Fiscal Year: The Company's operations are based on a fifty-two or fifty-three
week fiscal year ending on the Saturday closest to June 30. Fiscal years 1998
and 1997 each consisted of 52 weeks and 1999 consisted of 53 weeks.
- --------------------------------------------------------------------------------
NOTE B -- ACCOUNTS RECEIVABLE
Delta Mills Marketing assigns a substantial portion of its trade accounts
receivable to a bank under a factor agreement. The assignment of these
receivables is primarily without recourse, provided that customer orders are
approved by the bank prior to shipment of goods, up to a maximum for each
individual account.
The Company's accounts receivable are due from many customers that market and
produce apparel, home furnishings and other products, and from department stores
and specialty apparel retailers located throughout the United States. The many
customers represented in the Company's accounts receivable limits to a certain
extent the concentration of credit risk. The Company generally does not require
collateral for its accounts receivable. One customer accounted for 15%, 12%, and
15% of sales for fiscal years 1999, 1998 and 1997, respectively.
14
<PAGE>
- --------------------------------------------------------------------------------
- --------------------------------------------------------------------------------
NOTE C -- INVENTORIES
As of July 3, 1999 and June 27, 1998, cost for certain inventories at Delta
Apparel and Duck Head Apparel is determined under the LIFO method representing
41% and 44%, respectively, of the cost of consolidated inventories. The balance
of the cost of consolidated inventories is determined under the FIFO method. If
these inventories had been determined by the FIFO method, they would have been
approximately the same as the reported amounts.

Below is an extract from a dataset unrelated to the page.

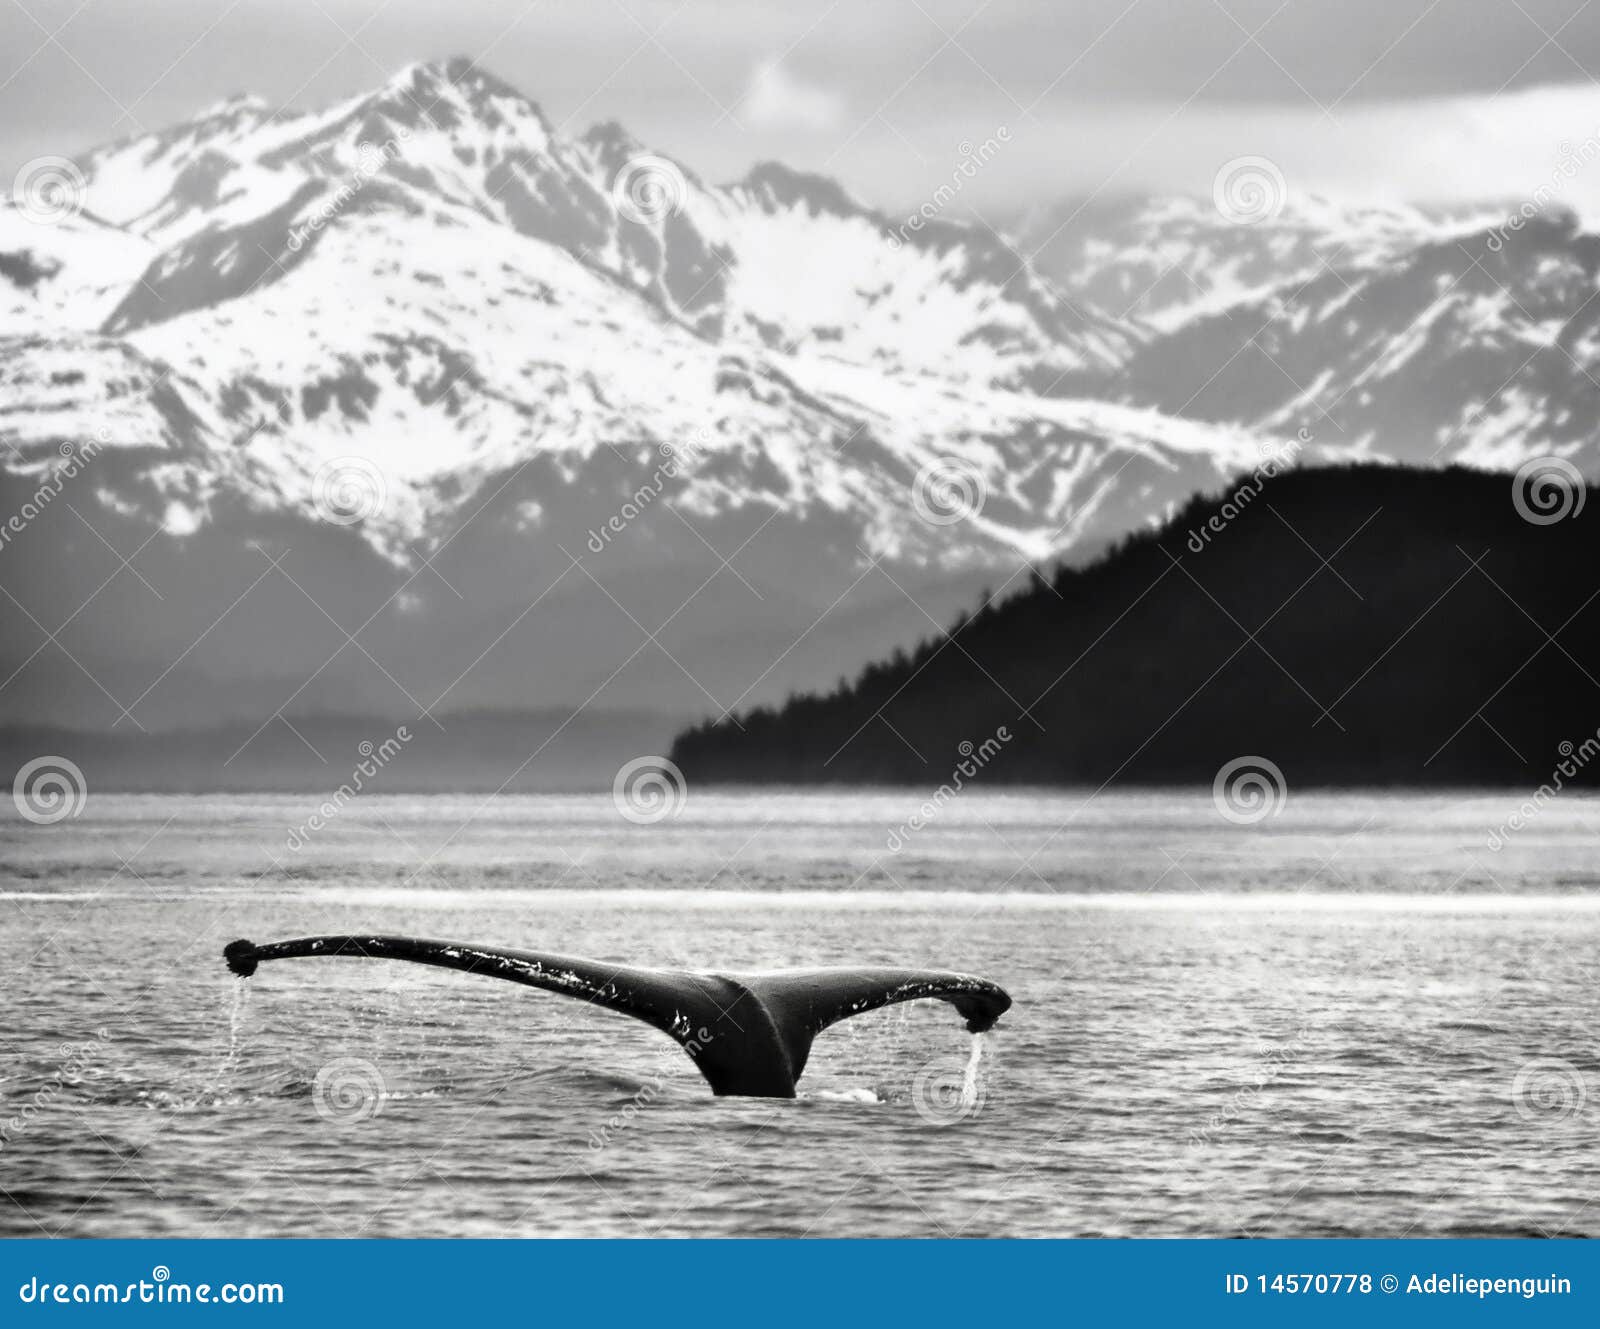 humpback whale tail, alaska

- --------------------------------------------------------------------------------
NOTE D -- LONG-TERM DEBT, CREDIT ARRANGEMENTS AND NOTES PAYABLE
Long-term debt consists of:
<TABLE>
<CAPTION>
July 3, 1999 June 27, 1998
-------------- --------------
<S> <C> <C>
Senior notes (9.625%), with
interest payable
semiannually .................... $150,000,000 $150,000,000
Revolving Credit Facility
(6.93% at July 3, 1999),
with interest payable
monthly or semiannually ......... 26,635,000
Industrial Revenue Bond
payable monthly, through
2001 at 80% of a bank's
base rate ....................... 339,000 578,000
Note to a bank payable
monthly with interest at
prime Plus 1% ................... 6,415,000 6,712,000
Other ............................. 114,000 220,000
------------ ------------
156,868,000 184,145,000
Less current portion .............. 6,710,000 610,000
------------ ------------
$150,158,000 $183,535,000
============ ============
</TABLE>
On August 25, 1997 a subsidiary of the Company, Delta Mills, Inc., "DMI" issued
$150 million of unsecured ten-year senior notes, and obtained a secured
five-year $100 million revolving line of credit. The $100 million revolving line
of credit is backed by certain accounts receivable and inventory of DMI with a
carrying value of $129 million at July 3, 1999.

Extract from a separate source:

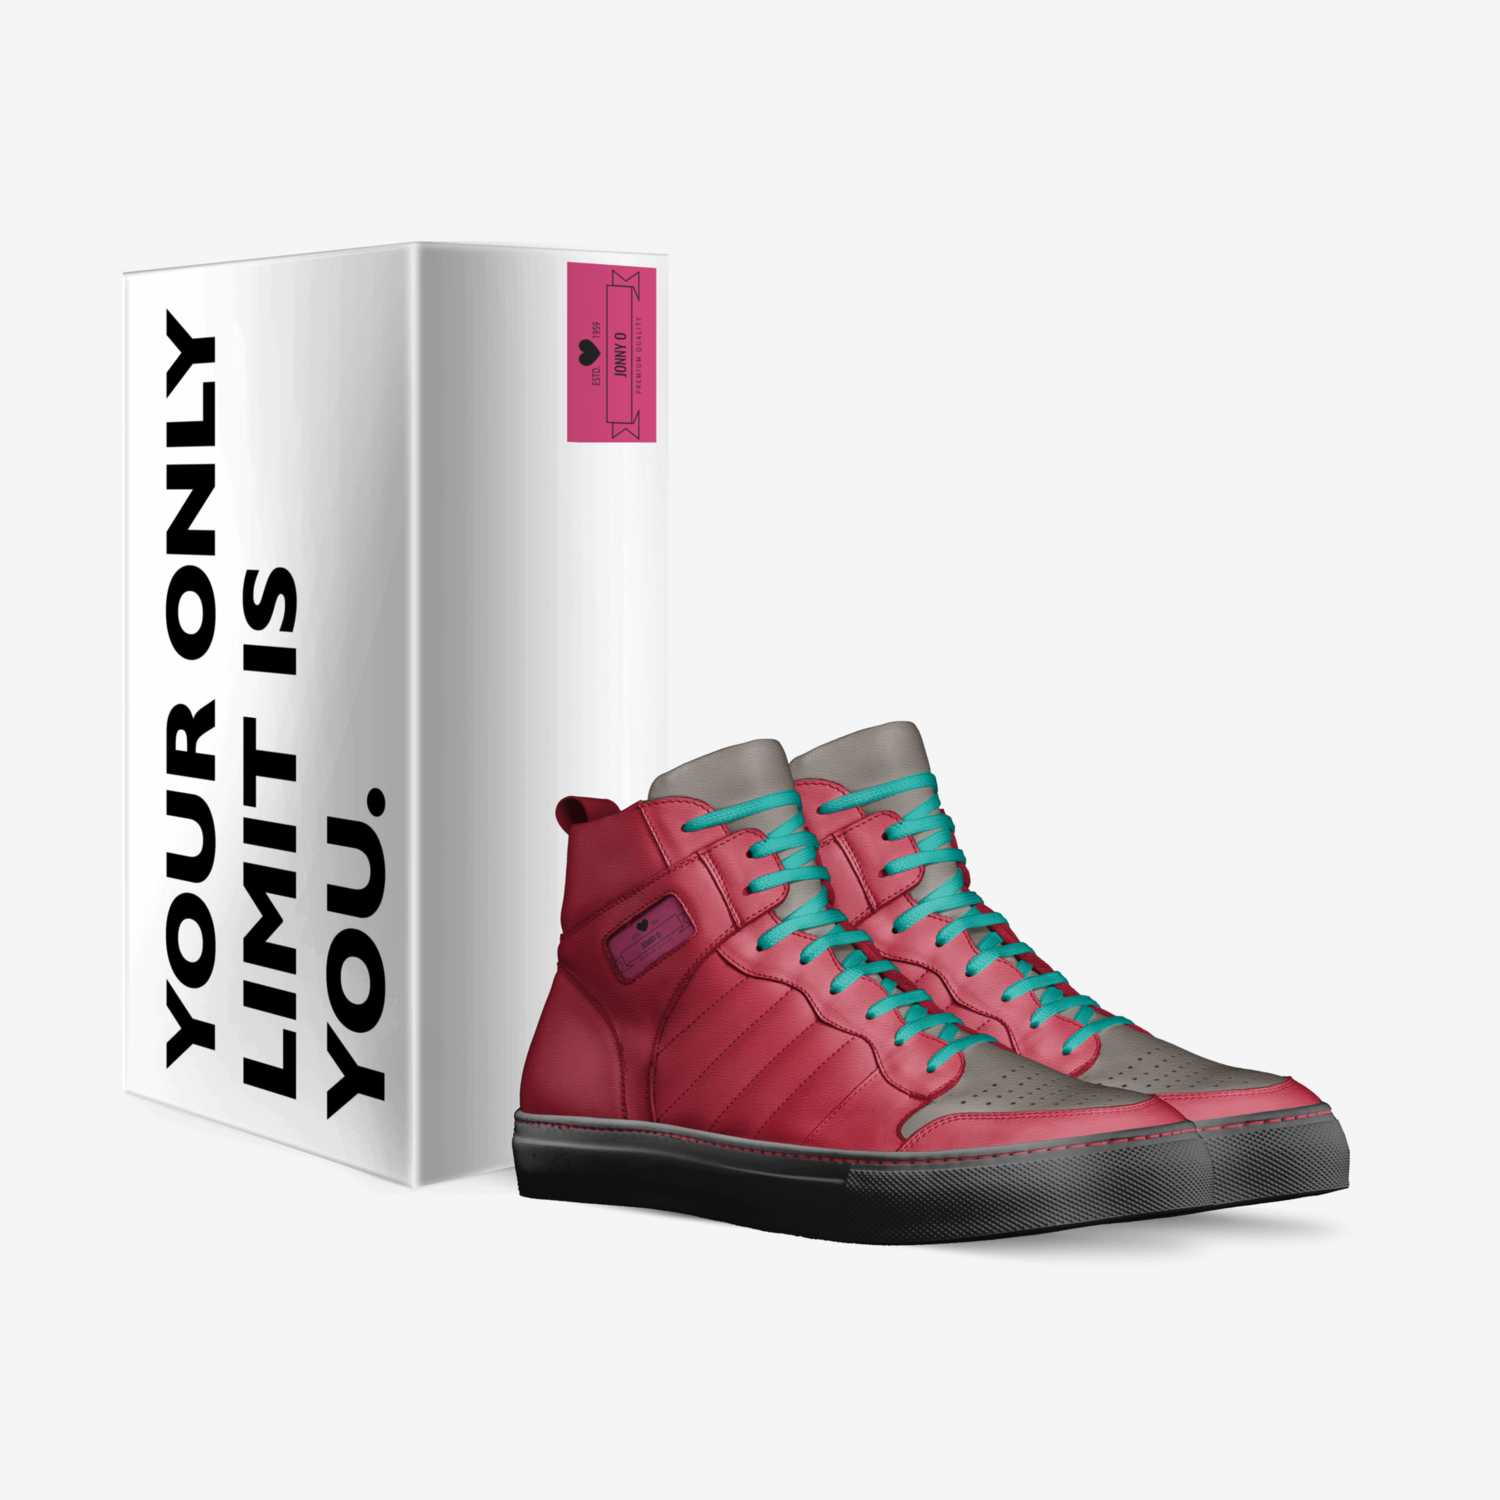 jonny o custom made in Italy shoes by Amber Fay Jones | Box view

In May 1998, the Company obtained a short-term $30 million revolving credit
facility (subject to borrowing base limitations) which is due in December of
1999. This credit facility is backed by certain accounts receivable and
inventory of Delta Apparel and Duck Head Apparel with a carrying value of $79
million at July 3, 1999. This credit facility carries an interest rate that is
two percentage points above the London Interbank Borrowing Rate.

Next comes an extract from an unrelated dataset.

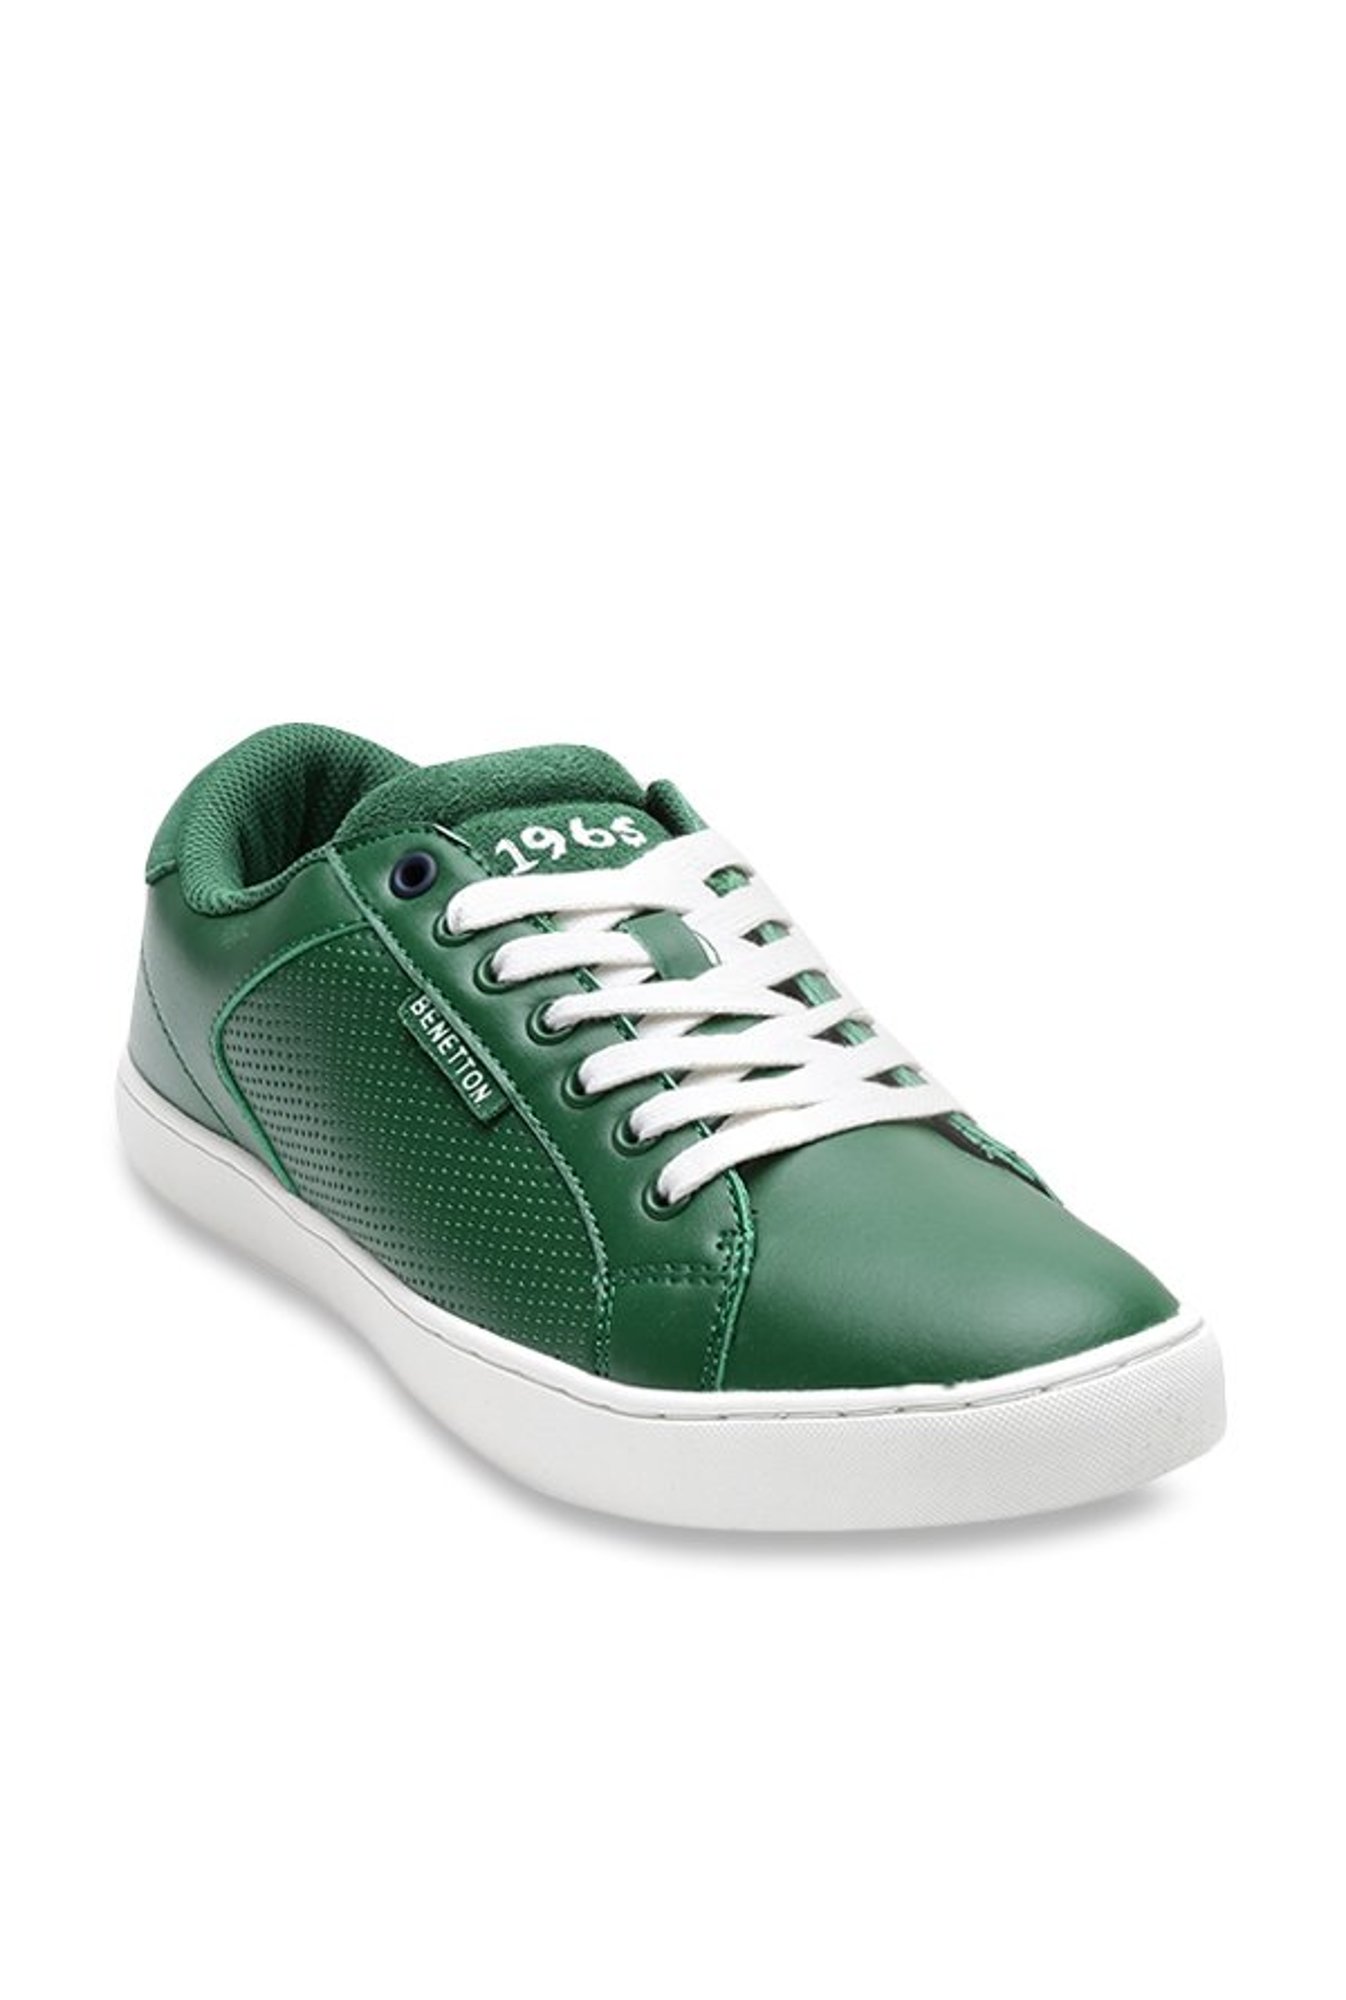 benetton green shoes

Loan covenants in the senior notes and the DMI revolving credit facility limit
the Company's ability to use cash generated by DMI to fund operations in the
rest of the Company. On July 3, 1999 approximately $99 million was available
under the DMI revolving credit agreement, and approximately $25 million was
available under the separate short-term $30 million line of credit. The credit
facilities and the senior notes also contain other restrictive covenants which
include required minimum tangible net worth and certain other required minimum
financial ratios. The agreements also restrict additional indebtedness,
dividends and capital expenditures. At July 3, 1999, the net assets of the
Company include net assets of the wholly owned subsidiary DMI of approximately
$50 million which are subject to the restrictions described above.
Total interest expense incurred by the Company was $19,929,000, $23,395,000 and
$23,656,000 in fiscal years 1999, 1998 and 1997, respectively, of which $302,000
was capitalized in fiscal year 1997. Total interest paid during fiscal years
1999, 1998 and 1997 was $18,021,000, $ 21,568,000, and $17,546,000,
respectively.
During fiscal year 1997, the Company acquired certain machinery and equipment
under non-cancelable operating leases in connection with the modernization
project in the woven fabrics division. The terms provide for total lease
payments of $14 million over a period of five years.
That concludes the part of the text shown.